Roxane: Visual arts students could also participate in this project and, for example, learn mycelium techniques from landscaping students. 

Thierry: Regarding the documentation of the project, I’d like to explore something other than the documentary film format I’ve used extensively. I’d love for an illustrator to observe our work and create a children’s book that captures our interactions with them.  

Thierry, you have worked with a wide range of audiences, from professional dancers to people whose freedom of movement is restricted, such as the elderly or prisoners. How do these interactions influence your approach with children, who have a great deal of physical and mental freedom to explore? 

Thierry: It is true that children benefit from greater physical, mental, and intuitive freedom. A natural state, sensitive, open to the senses, almost wild: in other words, free. Children aged 3 to 6 navigate between a bodily spontaneity and a thought process that is beginning to structure itself around language and social codes that they discover and acquire. They will have to learn to work with them! 

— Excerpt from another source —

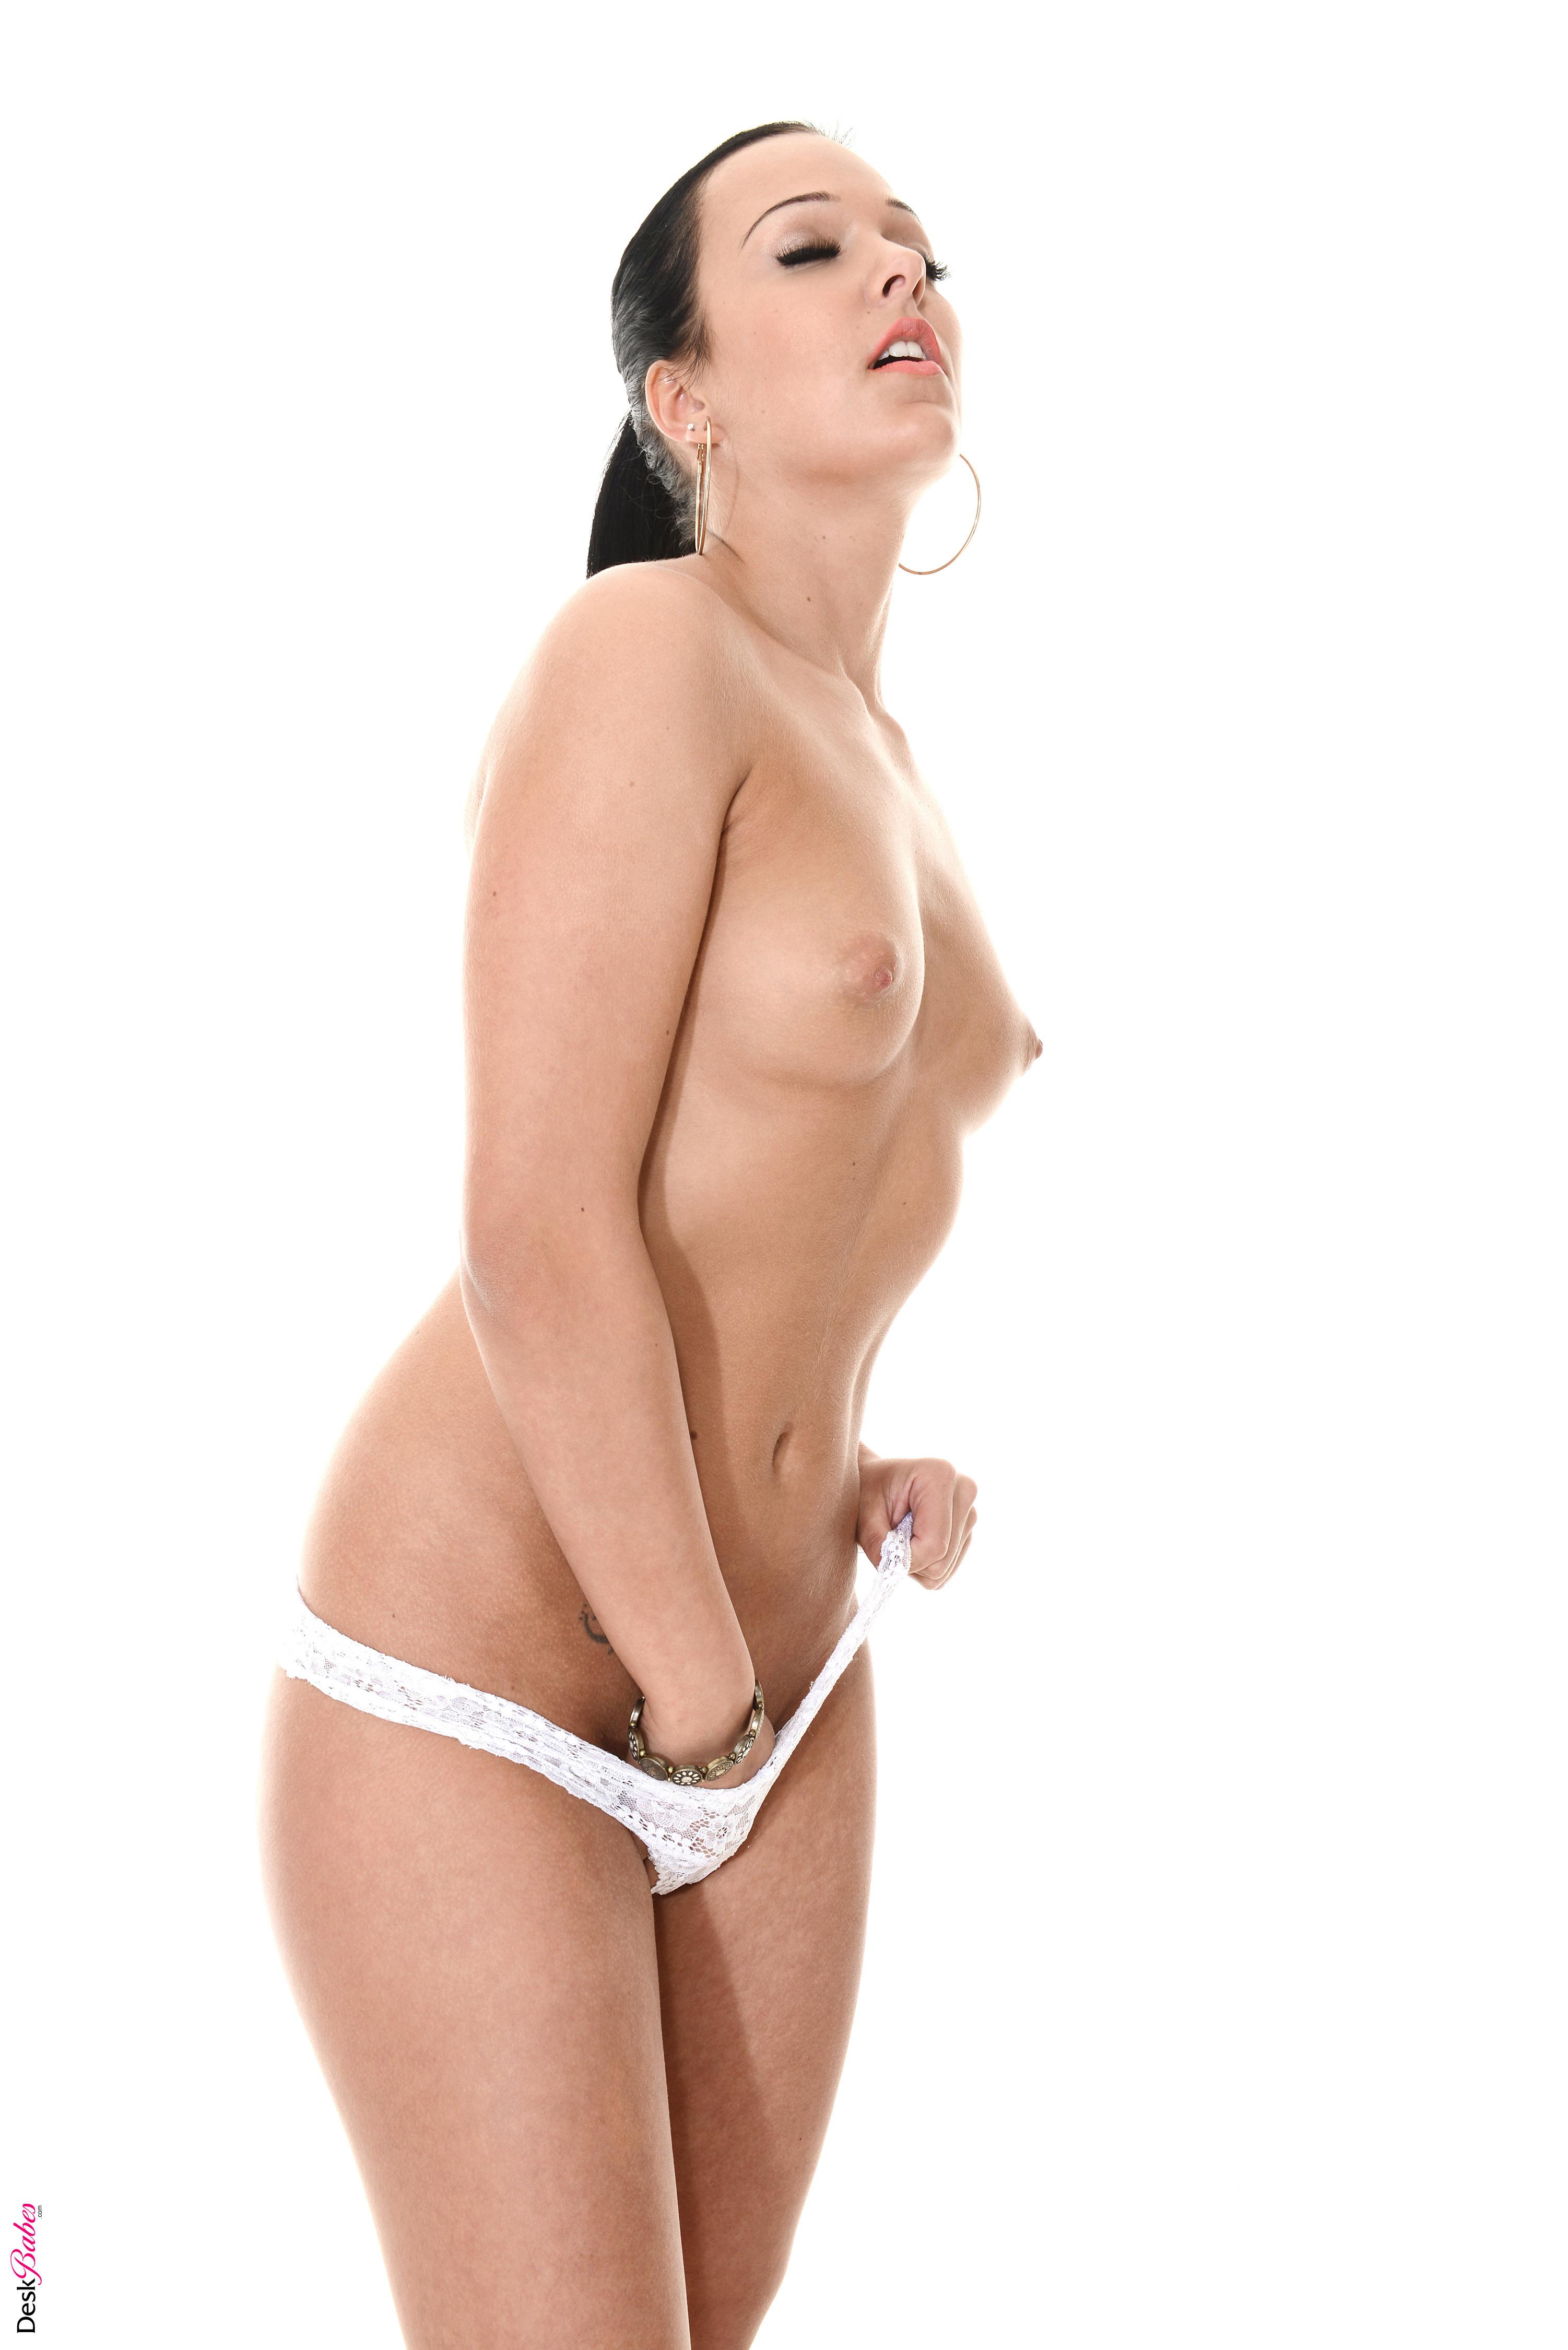 hd nude wallpaper

From preschool onwards, there is increased pressure in terms of learning. In the school where we intervene, they begin teaching French at the age of three to provide them with as many tools as possible for future admission to a good French high school. Some children are already juggling with three languages! This pressure, combined with a remarkable contract for success and performance, excludes from an early age those whose learning rhythm is slower, longer, and more unique. Every educational framework must be mobile, mixed, and hybrid to allow everyone to learn, speak, and dance together in a community. 

We must push the boundaries to meet the world, turning public spaces into privileged sites for transmission, research, and creation. It’s about connecting public spaces and places of art by renewing the forms, both inside and outside. 

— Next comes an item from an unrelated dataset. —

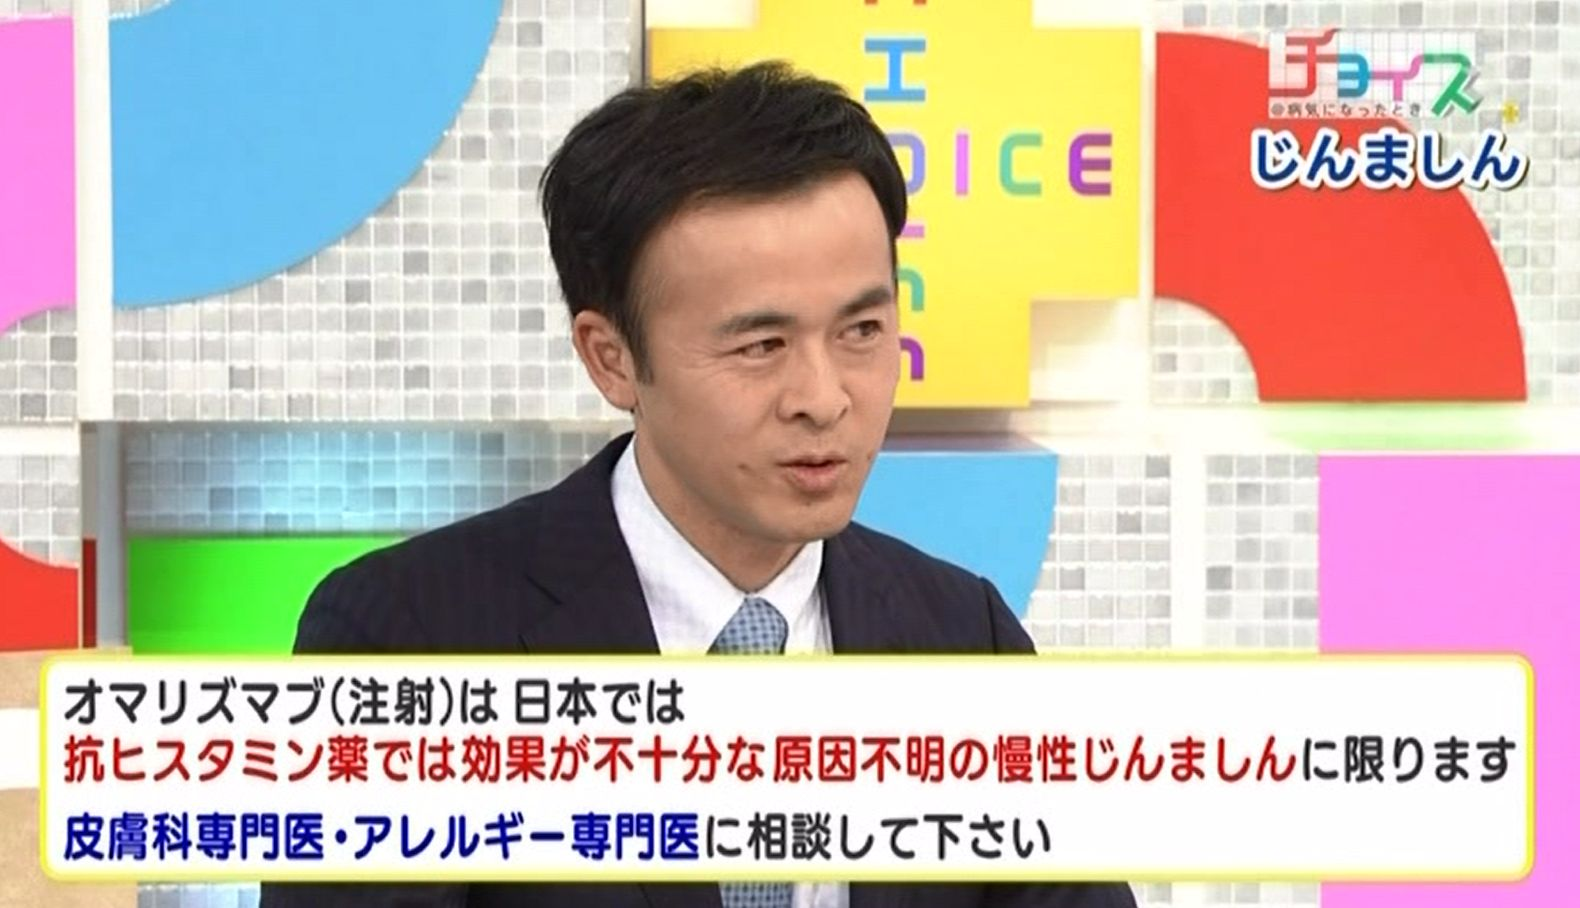 オマリズマブ(注射)は日本では抗ヒスタミン薬では効果が不十分な原因不明の慢性蕁麻疹に限る

Marketplaces, schoolyards, middle schools and high schools, conservatories, theaters, museums, community halls, hospitals, prisons, nursing homes, town halls, courts, swimming pools, media libraries, barns and farms, gardens and forests, fields and beaches… 

I have always carried a dance in the present, prioritizing the functions of art — sensitive, cathartic, therapeutic — and embraced all possible emotions to reimagine a way of being together. 

Roxane, your work with biomaterials, like mycelium, is fascinating. Can you tell us about your creative process and the evolving nature of your works? 

Roxane: All the exhibitions I’ve created included an evolving dimension, with at least one artwork transforming over time. It’s only been four years since I truly committed to the field of visual art. My work on root fibers started as a simple experiment that proved successful, and I discovered mycelium through a collaboration with an architect friend. I then experimented with molds and ink transfer, it’s a really fascinating living material. I also enjoy working with botanists and scientists to better understand the plant world, particularly during residencies at the Cold Spring Harbor Laboratory in 2022, at the Urban Field Station, and in New York City parks in 2024. 

Recently, I collaborated with American choreographer Jessica Lang for her production Shades of Spring at the Joyce Theater, where I created a set design inviting reflection on our relationship with time and living things during the spring season. 

In my project with Thierry, what I particularly love is seeing how children interact with my creations. It allows me to rediscover work I do daily through their amazed eyes, and sometimes even test new techniques. The process is also characterized by a strong collaborative dimension that I have always loved and sought; exploring with Thierry and discovering his work and energy every day is a true pleasure. 

While awaiting the potential release of a children’s book, this interdisciplinary project opens new perspectives for arts education and raising awareness about environmental issues. Rhizomes is a rich human experience, testifying to the power of the collective and the ability of children to create works of great sensitivity.